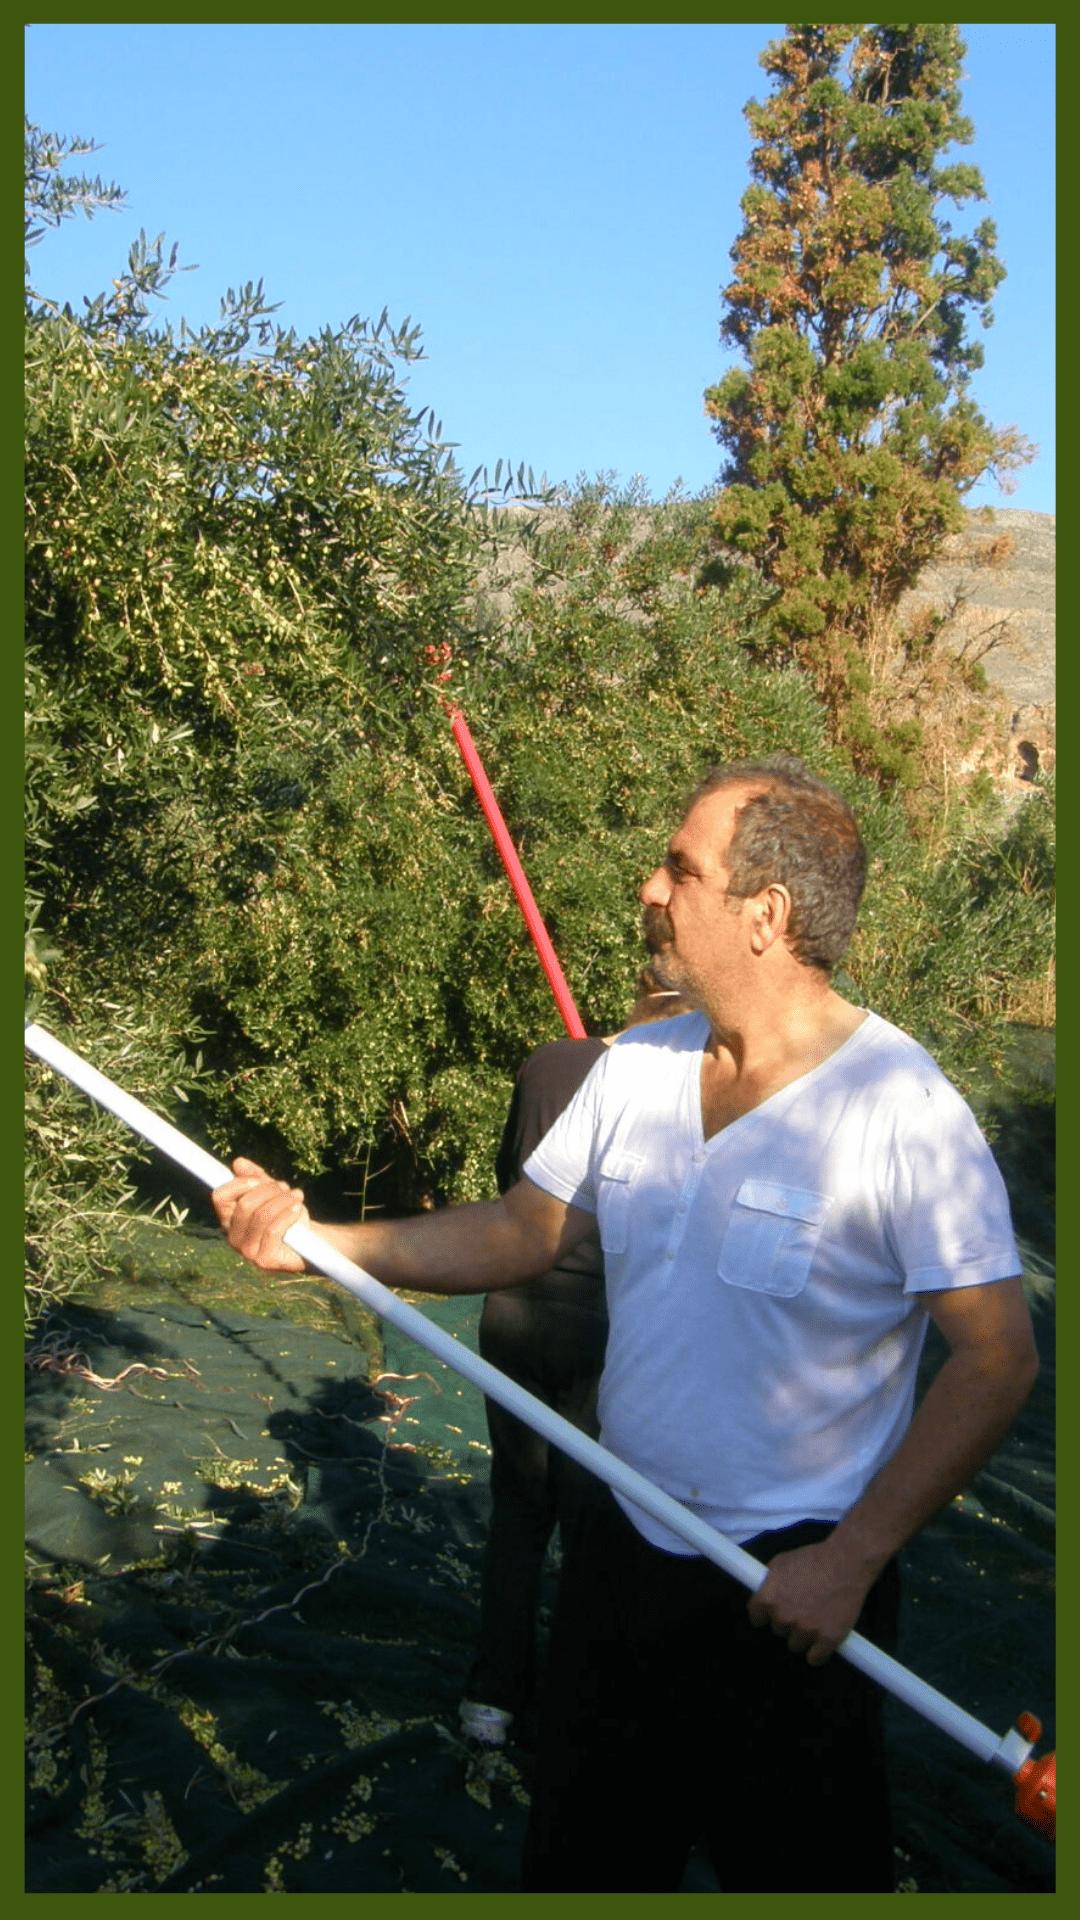 Olive Oil Harvest in Crete
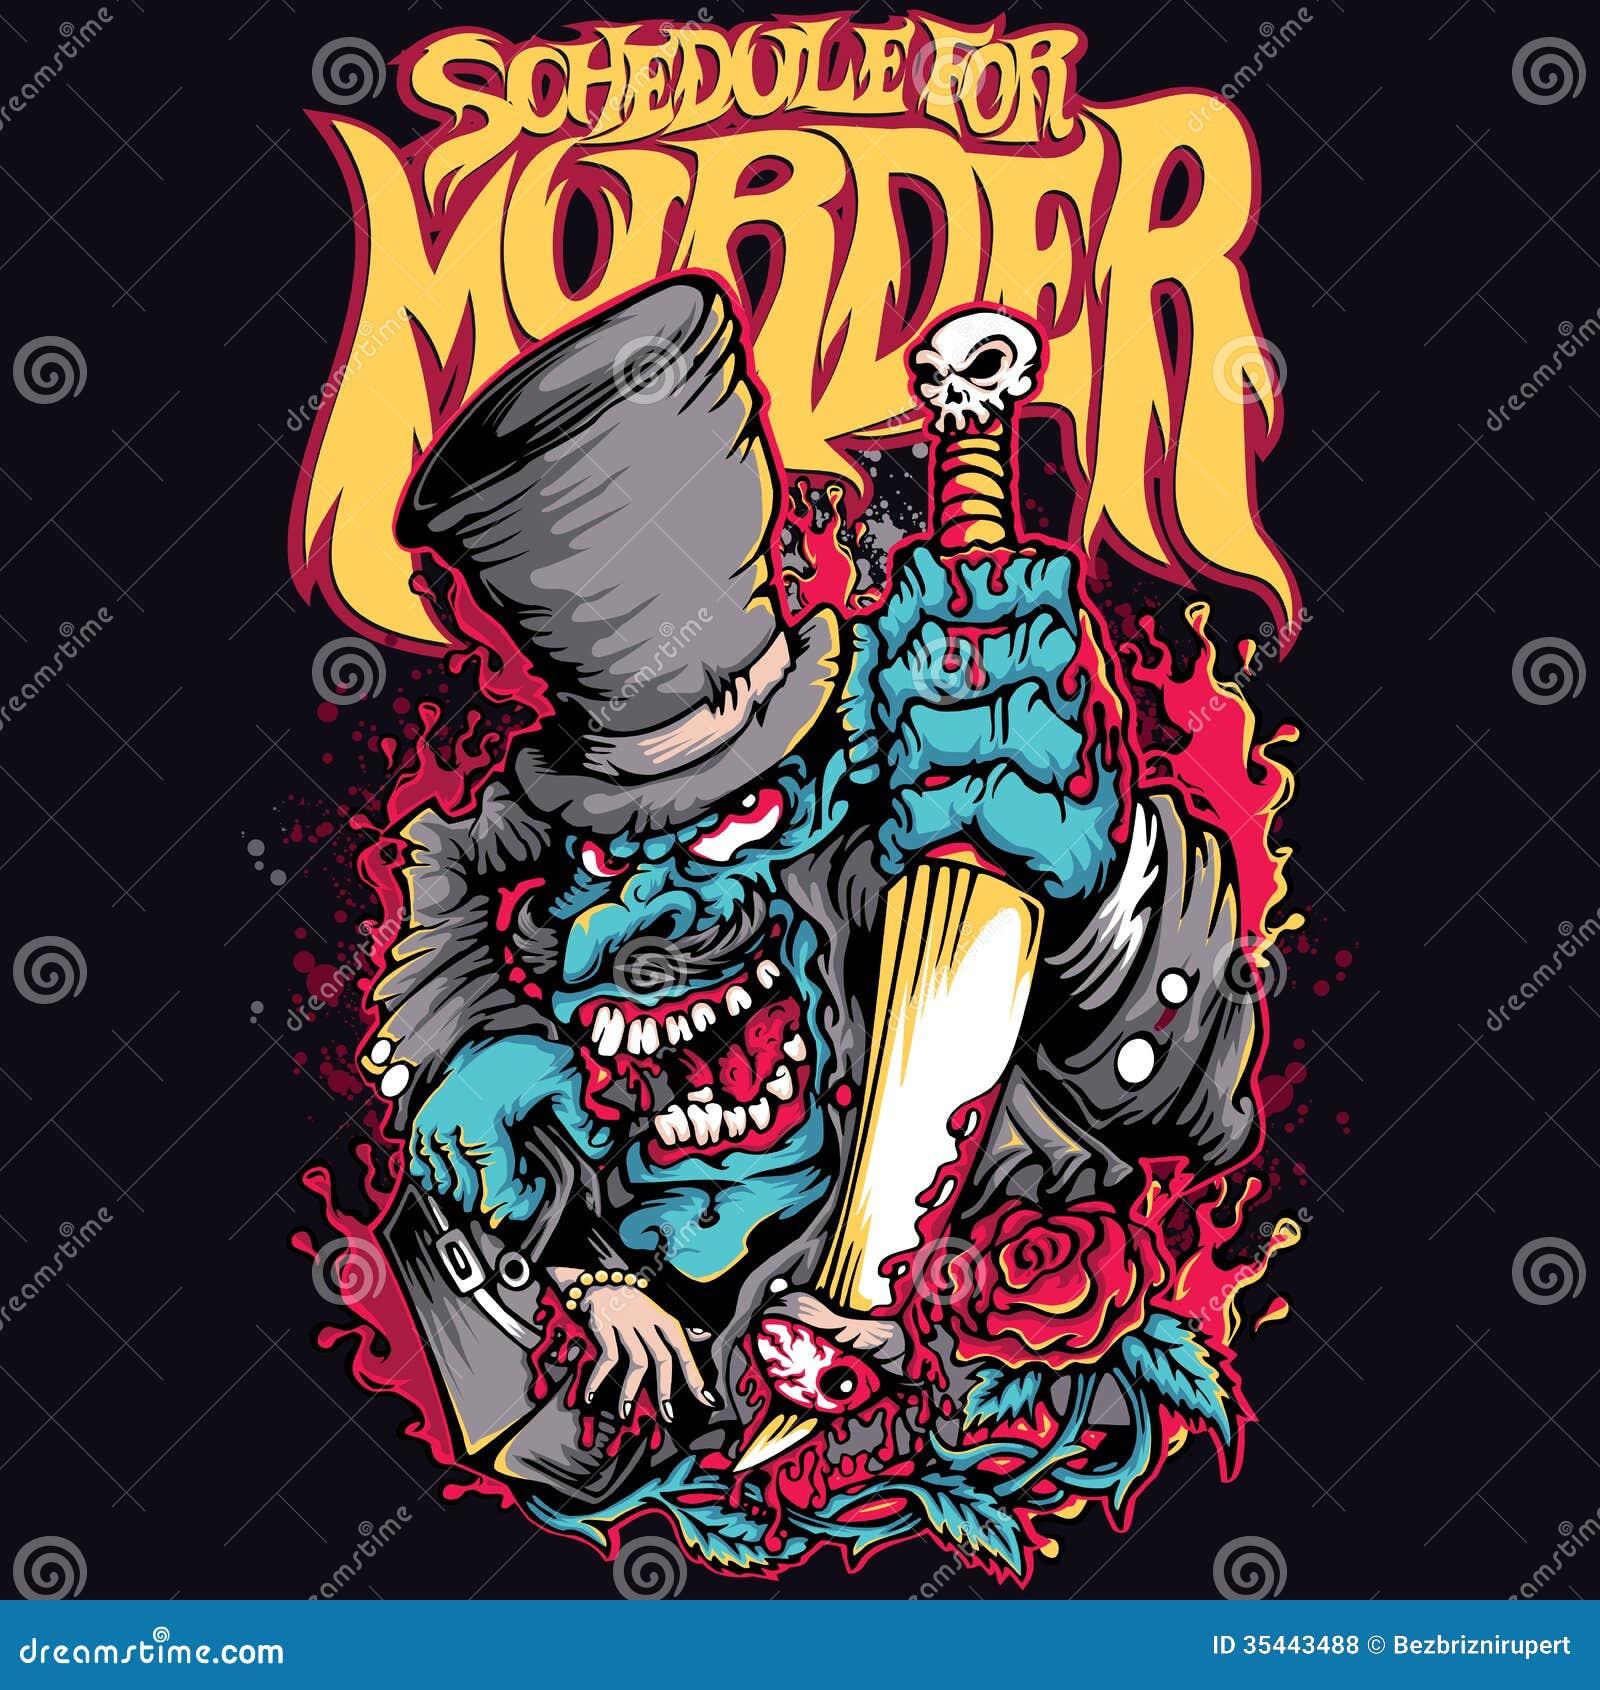 Free poster design and print - Killer
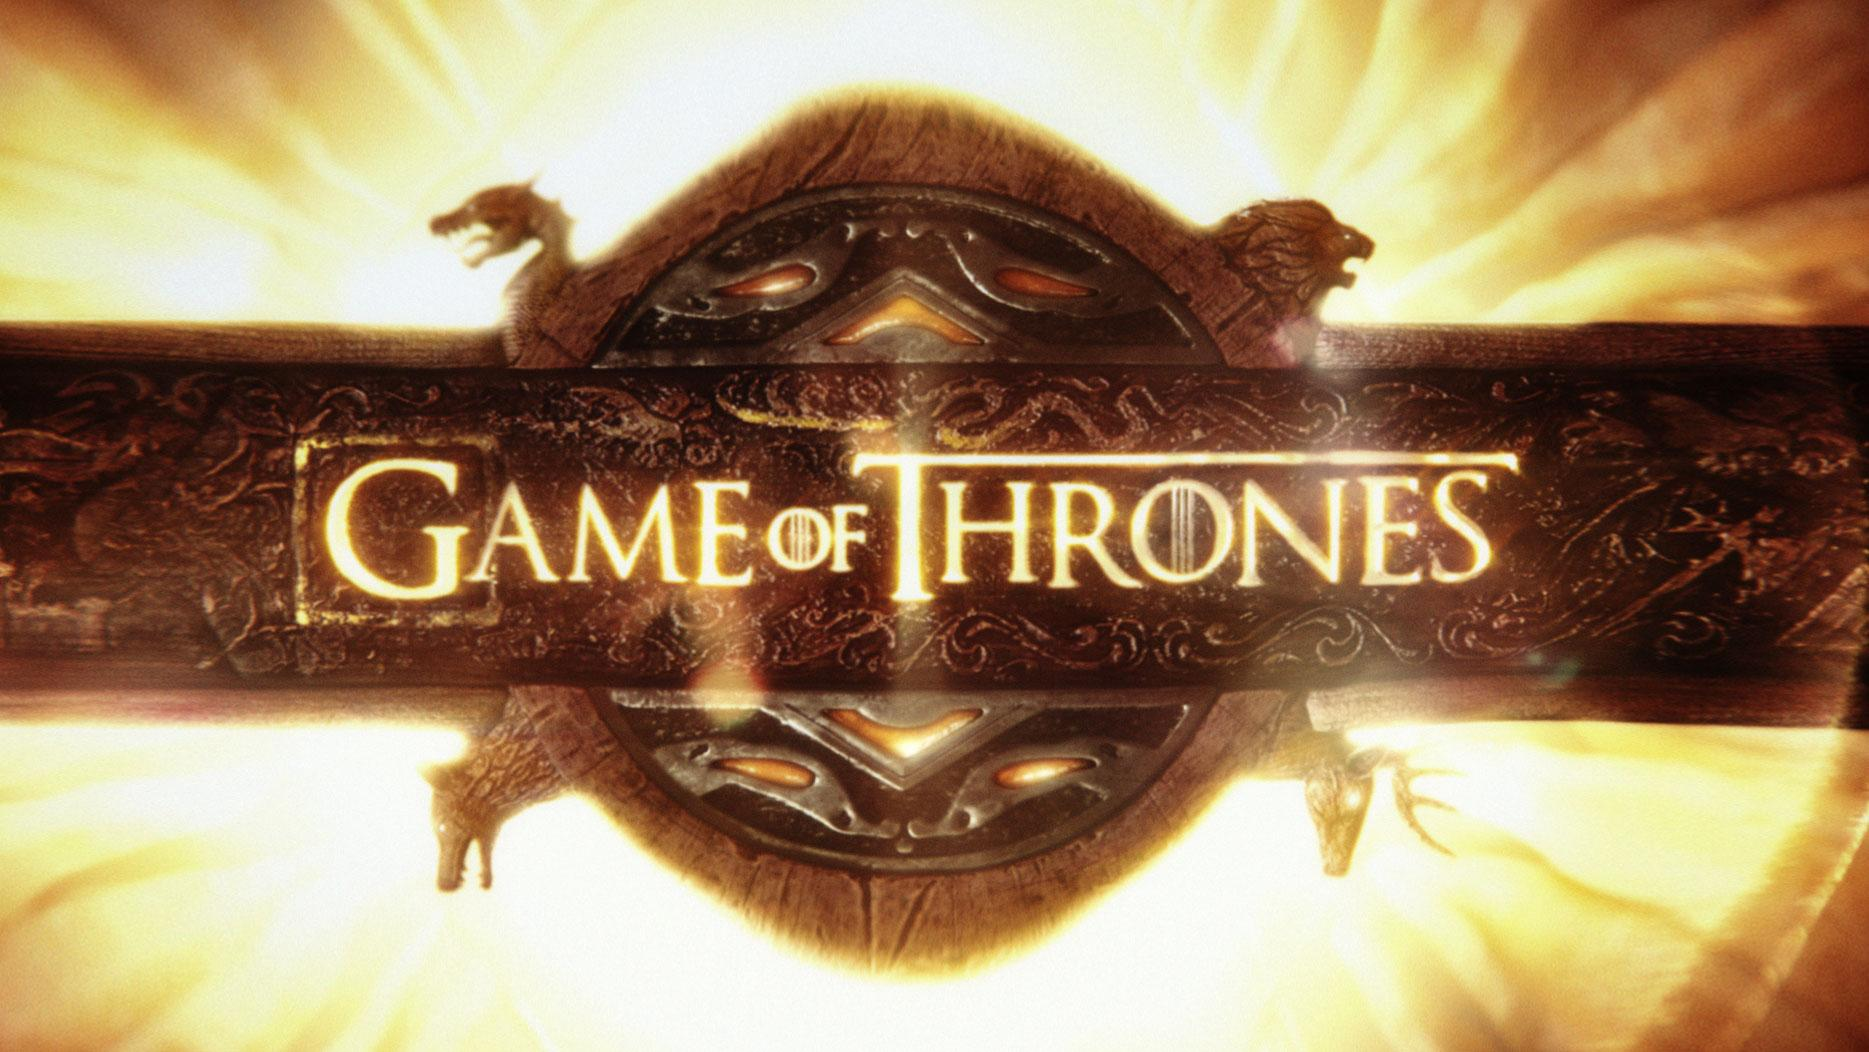 Game of Thrones finale: Spoiler spoilers spoiler in spoiler spoiler
+ + + + + + +
Apart from the pictures, all of the data should be repeated exactly.

▸ Exercise answer:
 Olive Oil Harvest in Crete
 Free poster design and print - Killer
 Game of Thrones finale: Spoiler spoilers spoiler in spoiler spoiler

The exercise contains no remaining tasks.